Data –
+++++

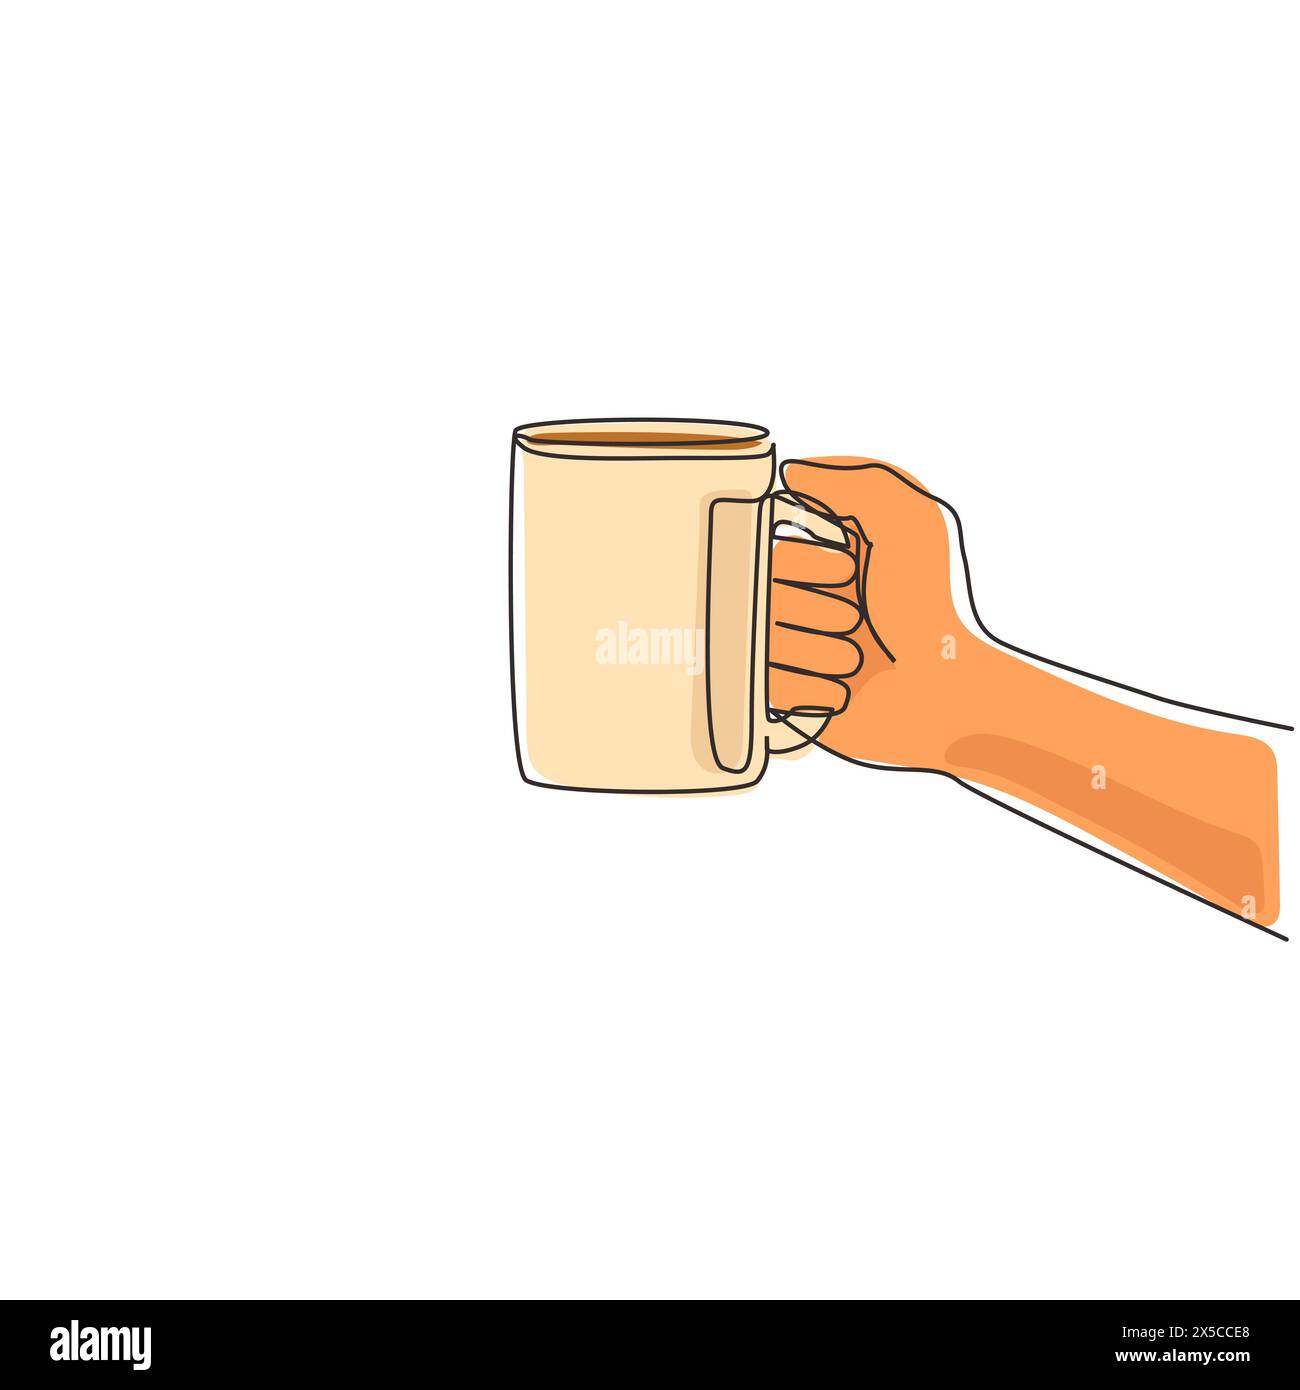 Die menschliche Hand hält eine Keramikschale mit Kaffee oder Tee. Die Hand hält einen heißen Becher am Griff. Entspannen Sie sich morgens. Fortlaufend Stock Vektor
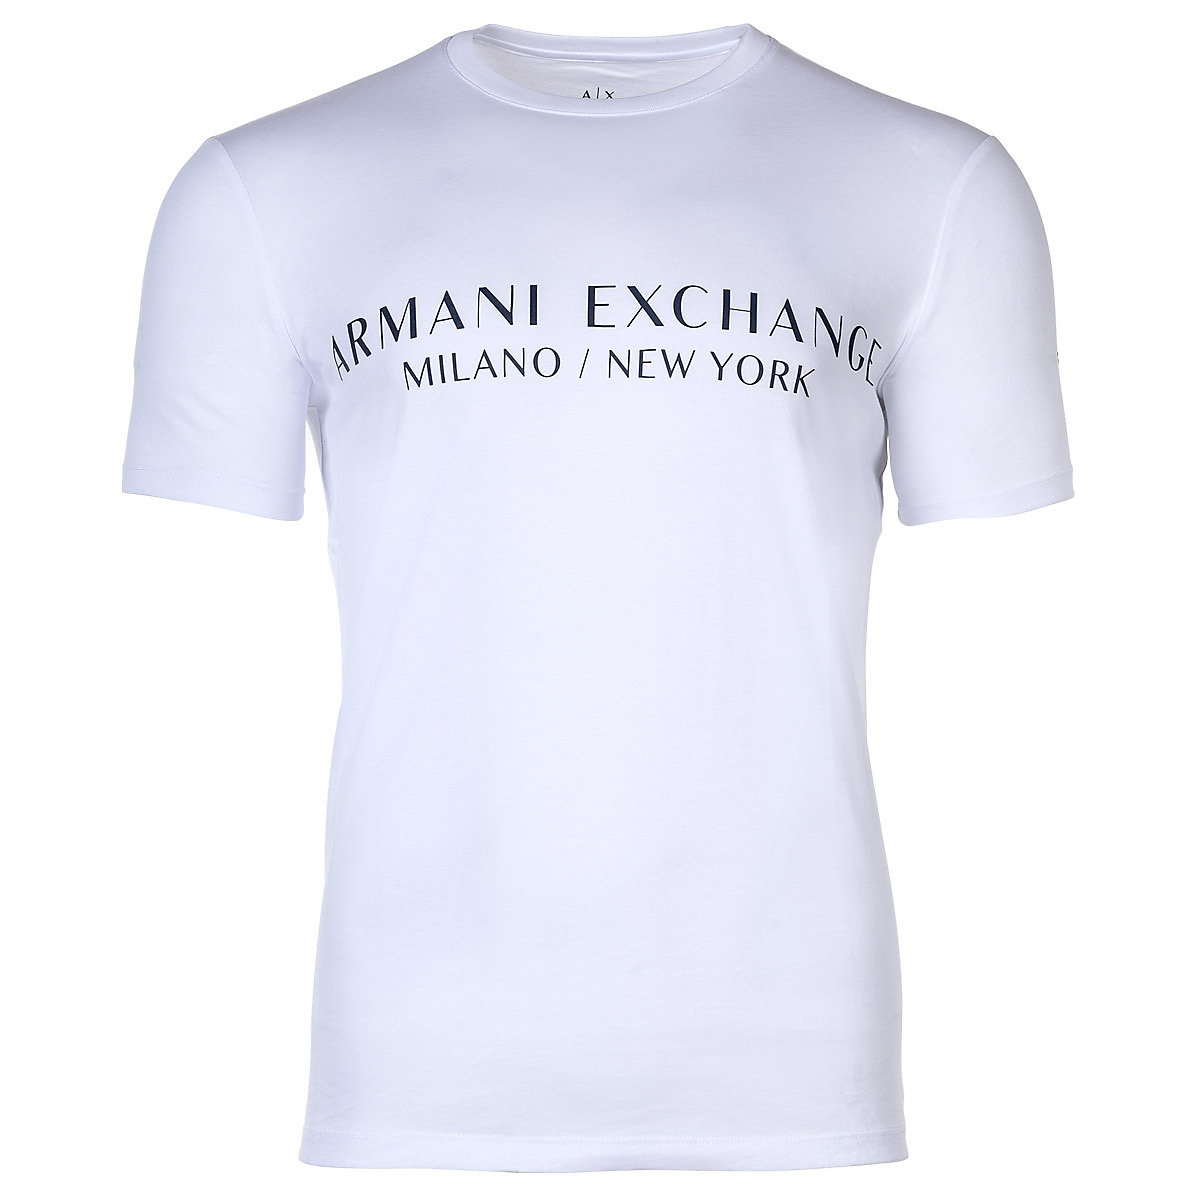 ARMANI EXCHANGE A|X Herren T-Shirt Schriftzug Rundhals Cotton Stretch T-Shirts weiß
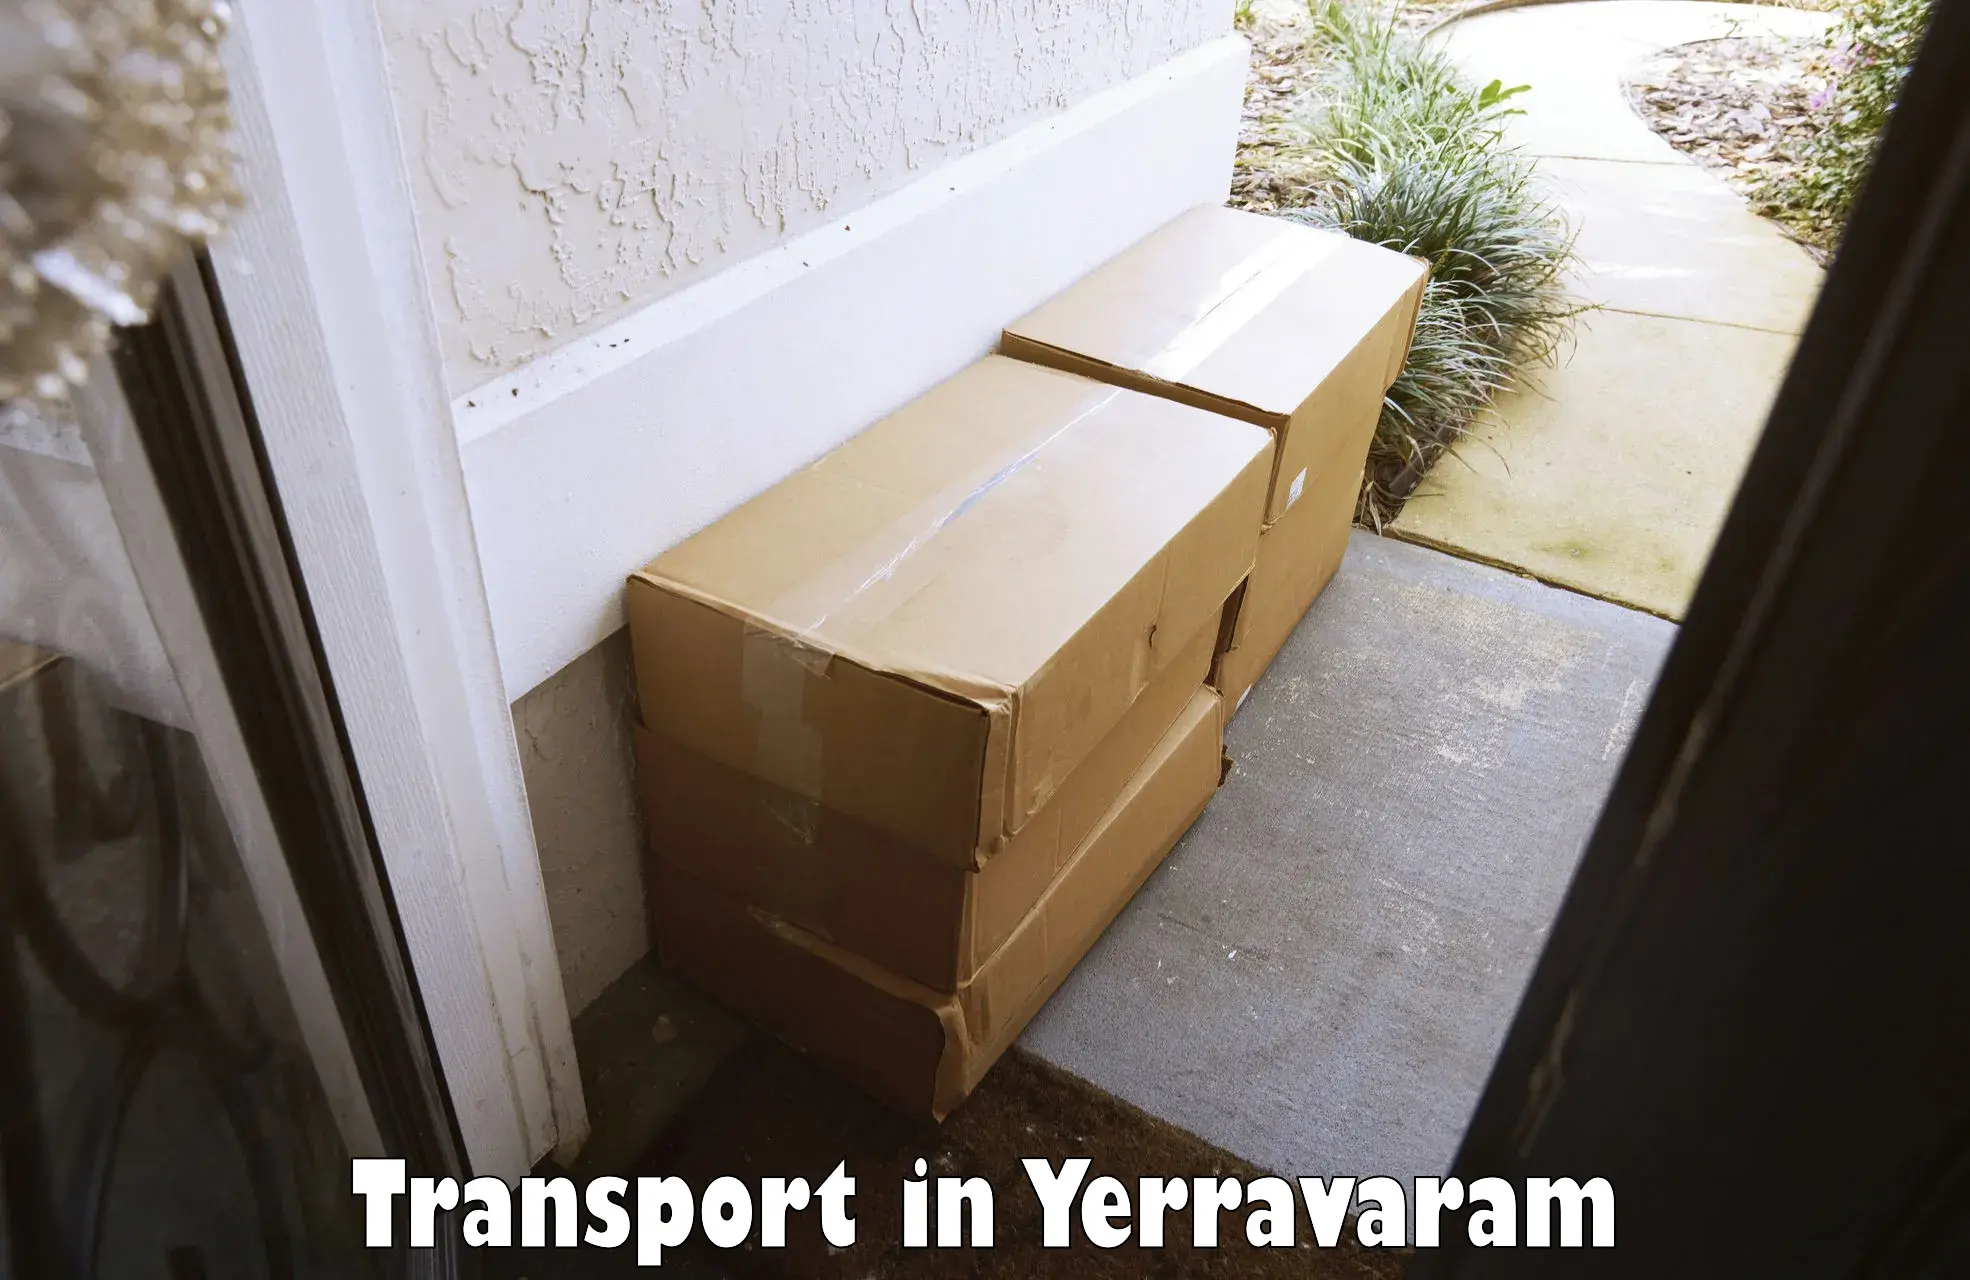 Online transport in Yerravaram
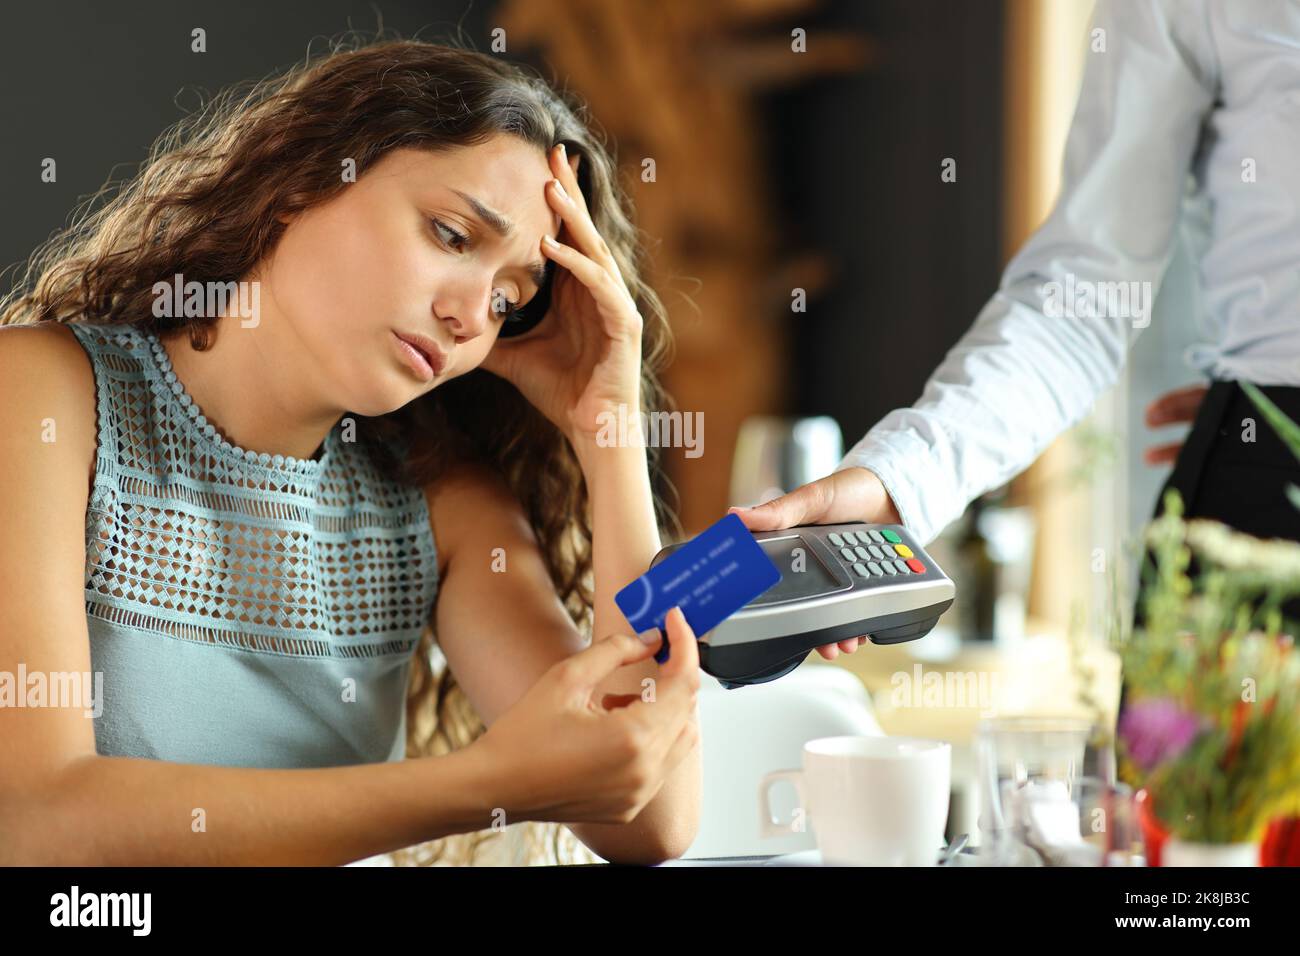 Un client inquiet paie cher avec une carte de crédit dans un restaurant Banque D'Images
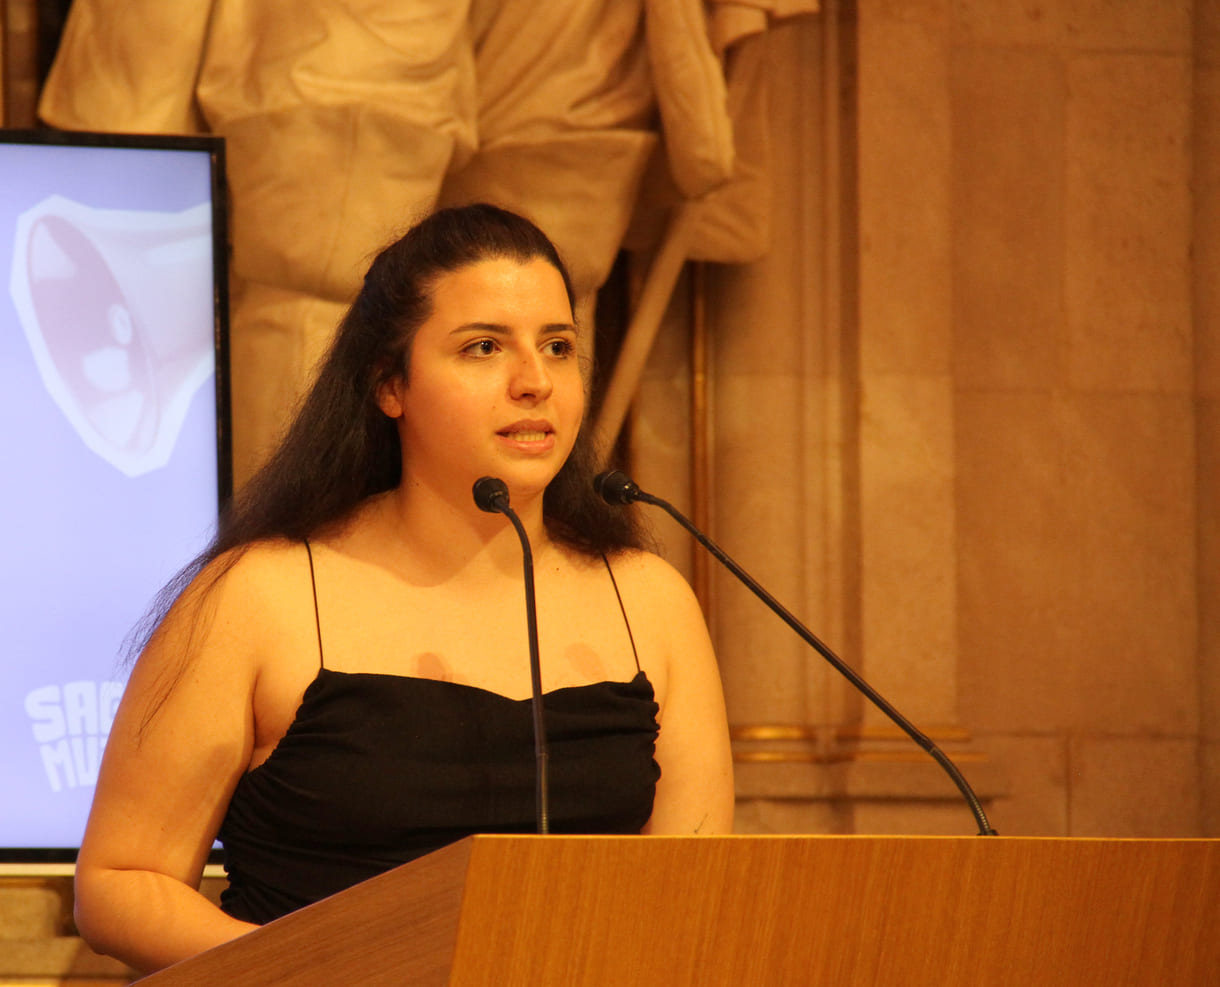 Zara Ağtaş bei ihrer Rede im Festsaal des Wr. Rathauses
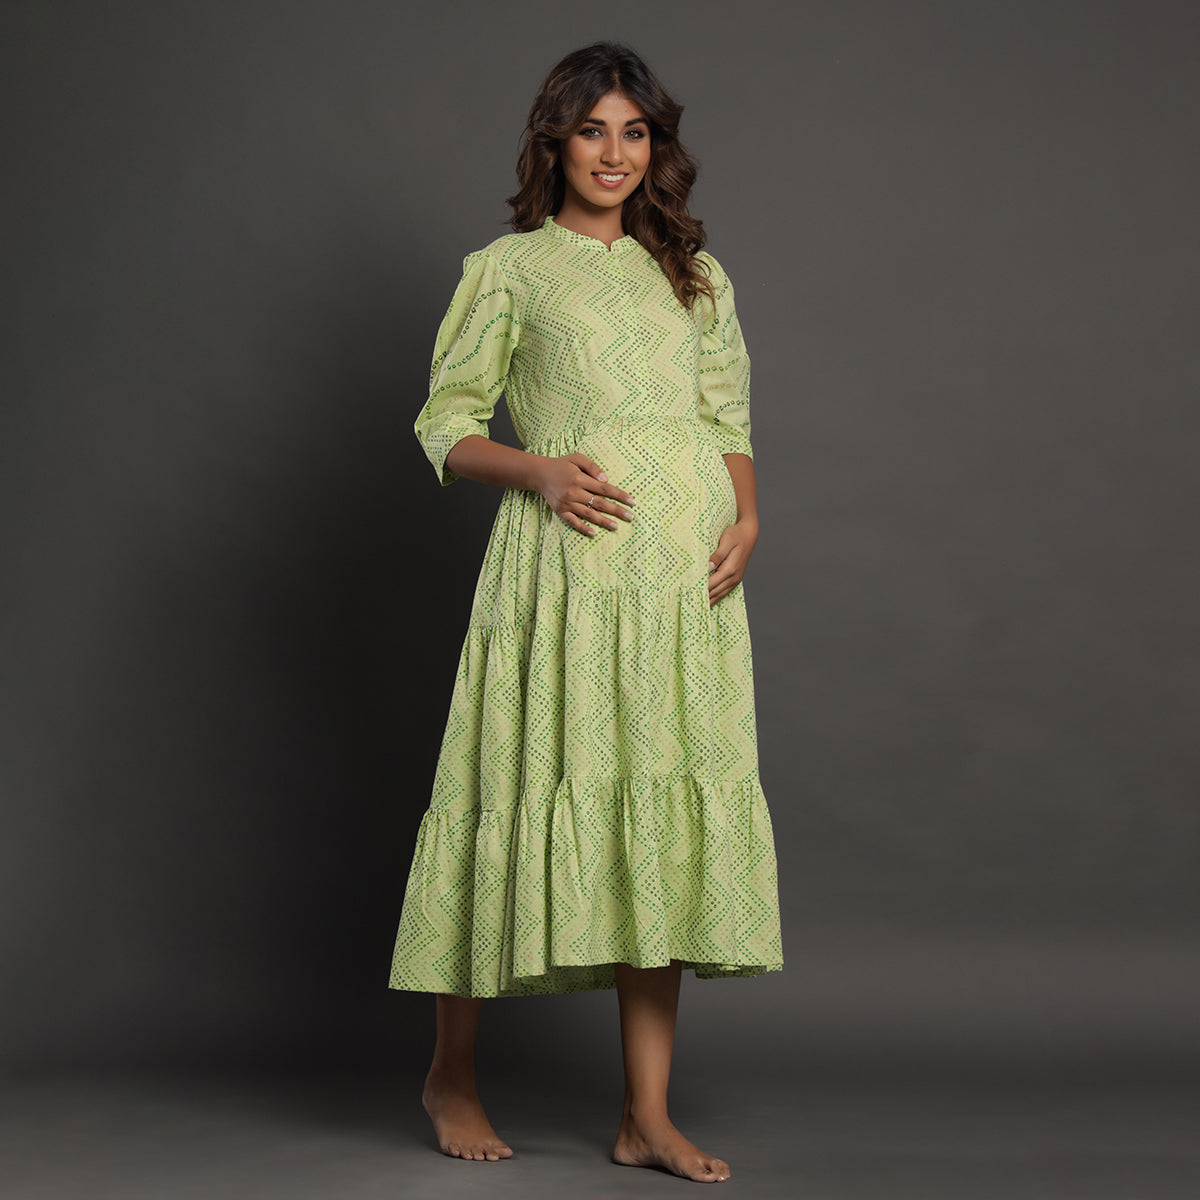 Bandhej on Green Maternity Dress Jisora Jaipur

+++++

Brief – All the records need to be printed again exactly as written, though without their pictures.

Written response –
 Die menschliche Hand hält eine Keramikschale mit Kaffee oder Tee. Die Hand hält einen heißen Becher am Griff. Entspannen Sie sich morgens. Fortlaufend Stock Vektor
 ARMANI EXCHANGE A|X Herren T-Shirt Schriftzug Rundhals Cotton Stretch T-Shirts weiß
 Online transport in Yerravaram
 Un client inquiet paie cher avec une carte de crédit dans un restaurant Banque D'Images
 Zara Ağtaş bei ihrer Rede im Festsaal des Wr. Rathauses
 Bandhej on Green Maternity Dress Jisora Jaipur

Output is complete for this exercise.